FSDMeL
: Few‐Shot Enabled Distributed Meta‐Learning Model for Image Recognition
Ganesh Vitthal Kadam, Ghanshyam Prasad Dubey, Pramod P. Jadhav ABSTRACT
Nowadays, image recognition has become a hot topic due to the widespread applicability in numerous applications, including healthcare, military applications, and infrared warnings. Numerous machine learning, deep learning, and transformer‐based image recognition techniques are designed to perform object detection. Conversely, their inability to obtain fine‐grained feature representation, increased computational complexity, and overfitting issues lower the speed and accuracy of the image recognition process. Hence, to eradicate certain downsides and to incur accurate recognition of the images, a Few‐shot enabled distributed meta‐learning (FSDMeL) framework is proposed. The proposed FSDMeL model combines a few‐shot meta‐learning strategy that primarily enables the model to learn new tasks with limited data and transfer knowledge between related classes to improve recognition performances. In line with this, the FSDMeL model also integrates various sophisticated mechanisms for feature extraction, which leverage diverse as well as relevant information to avoid overfitting issues.
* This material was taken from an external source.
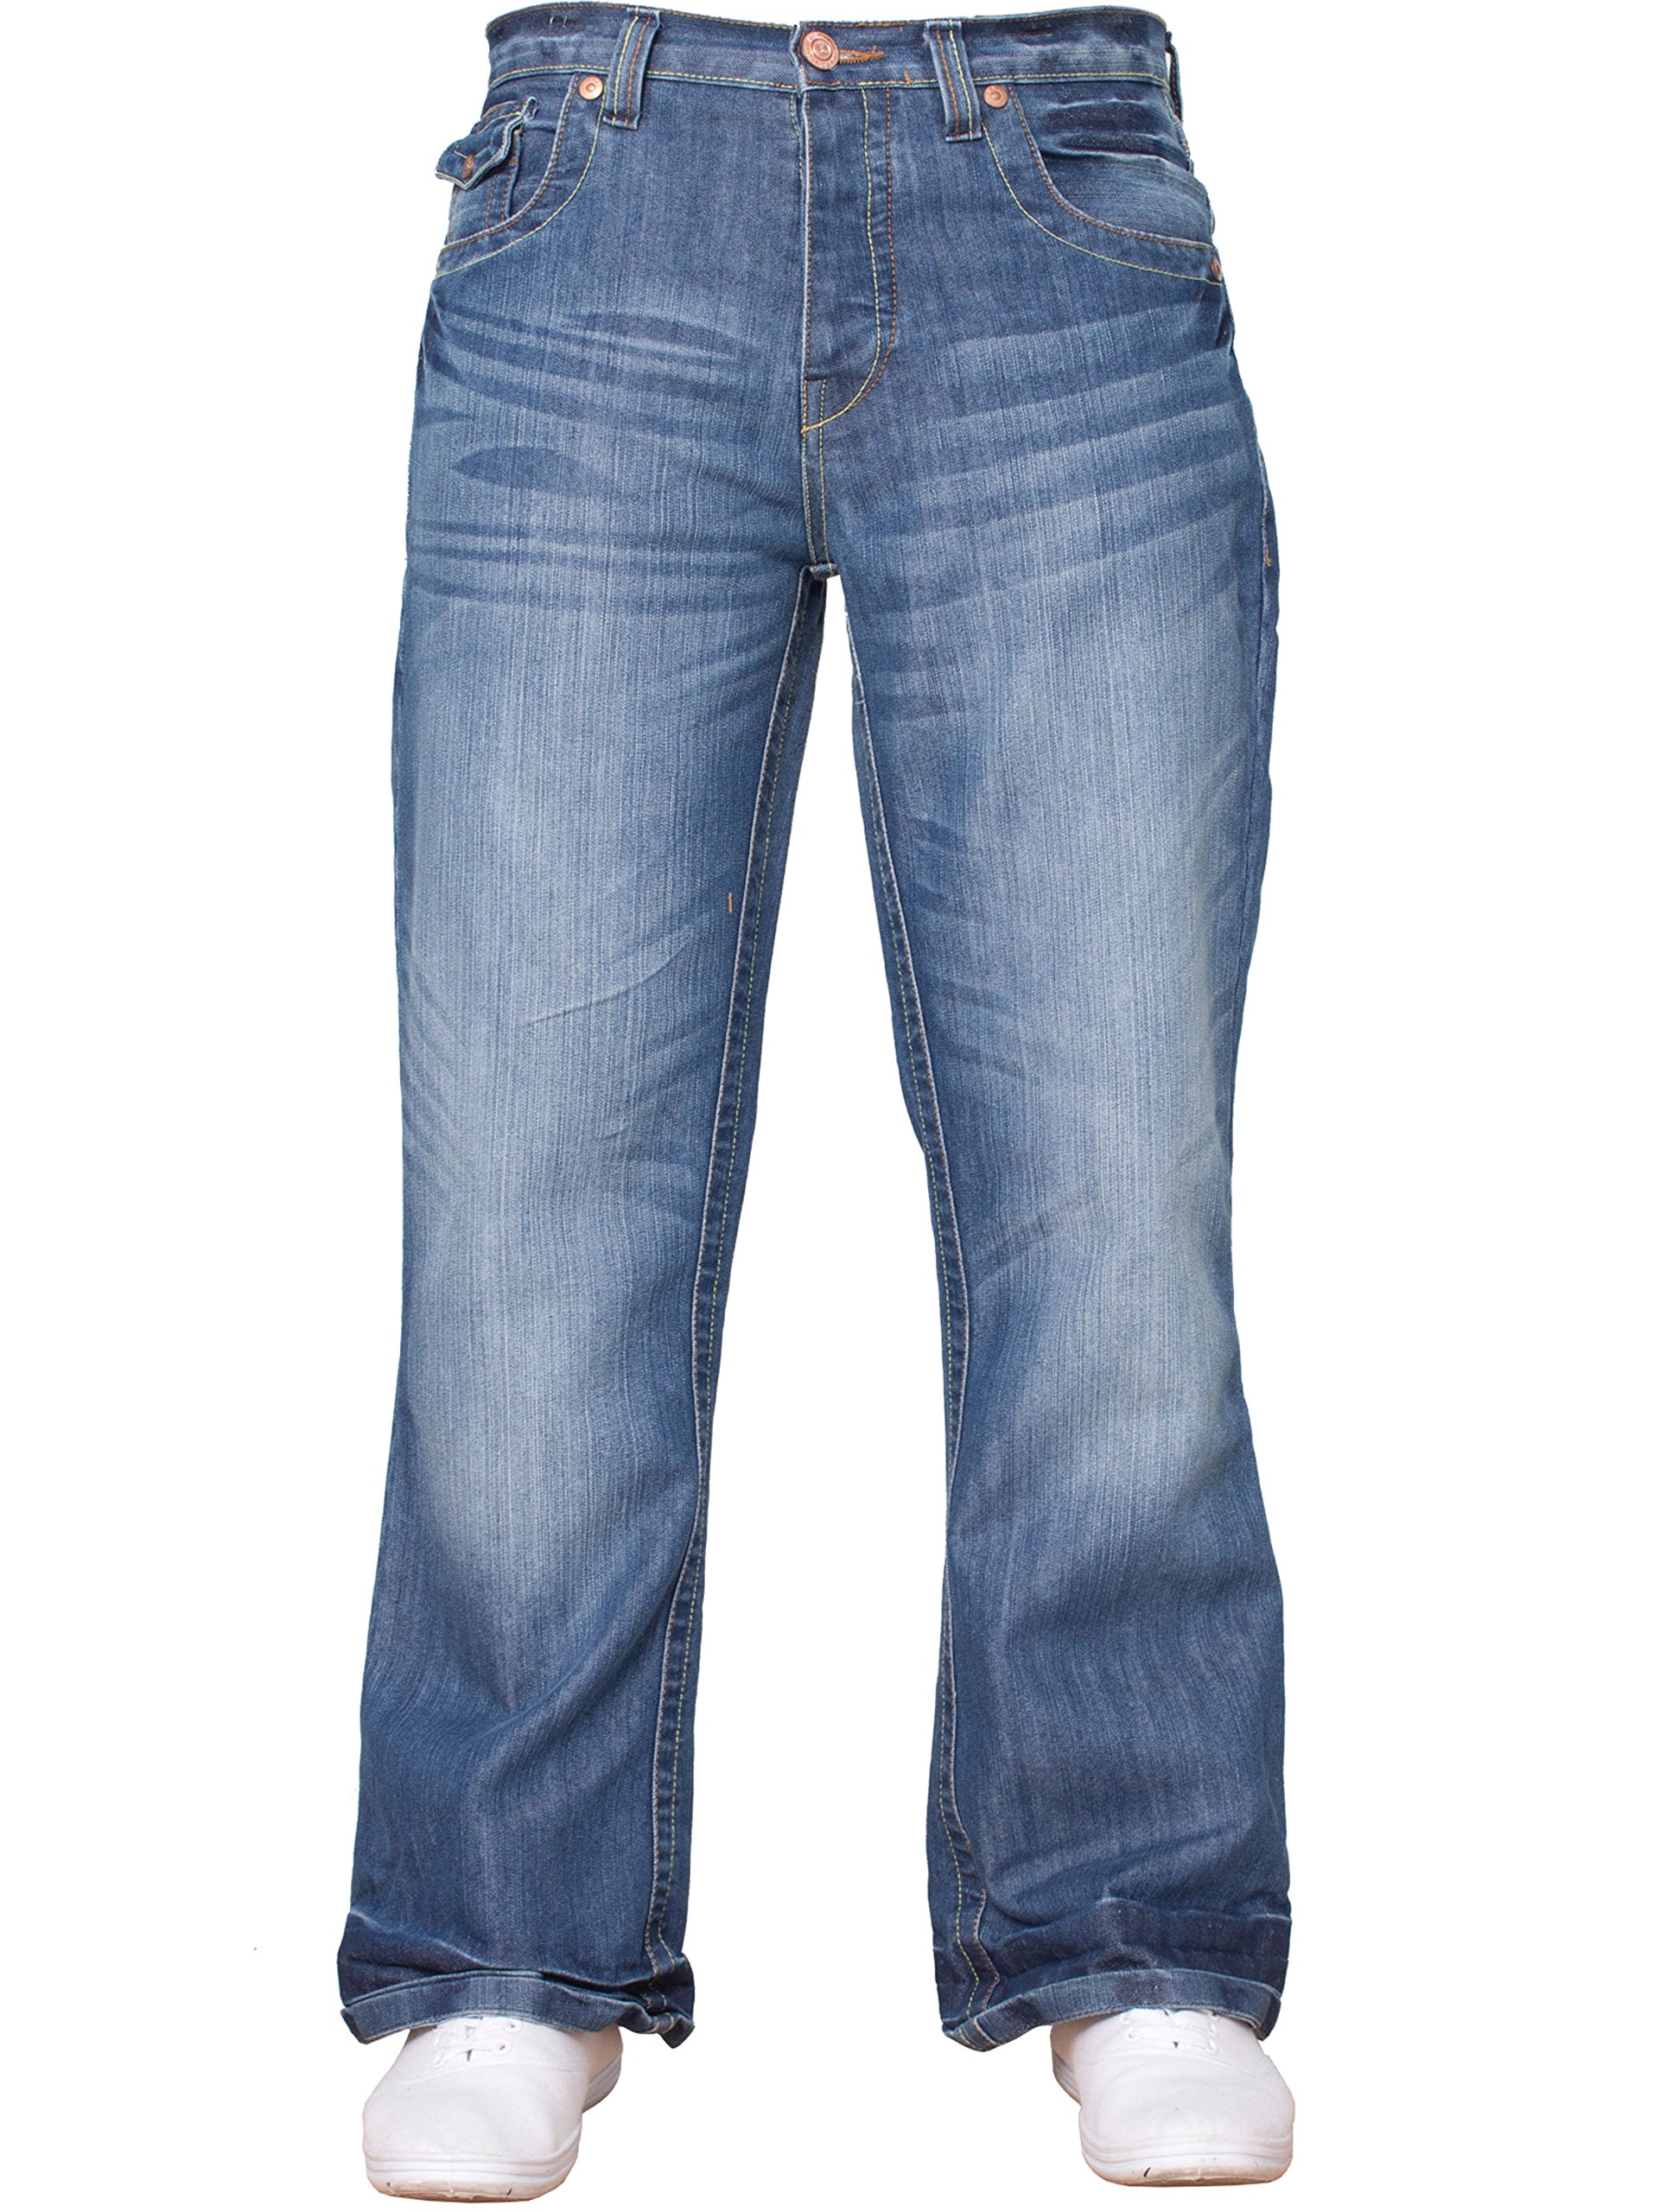 APT Herren einfach blau Bootcut weites Bein ausgestellt Works Freizeit Jeans Große Größen in 3 Farben erhältlich - Helle Waschung, 44W x 32L

Moreover, the FSDMeL model also includes several benefits such as faster training times, improved generalization to unseen tasks, and the ability to provide correct detection without increasing training complexity. According to the assessment, the proposed model gains an accuracy of 98.04%, precision of 98.77%, and recall of 97.67% using the Fashion MNIST dataset compared to existing methods for image recognition.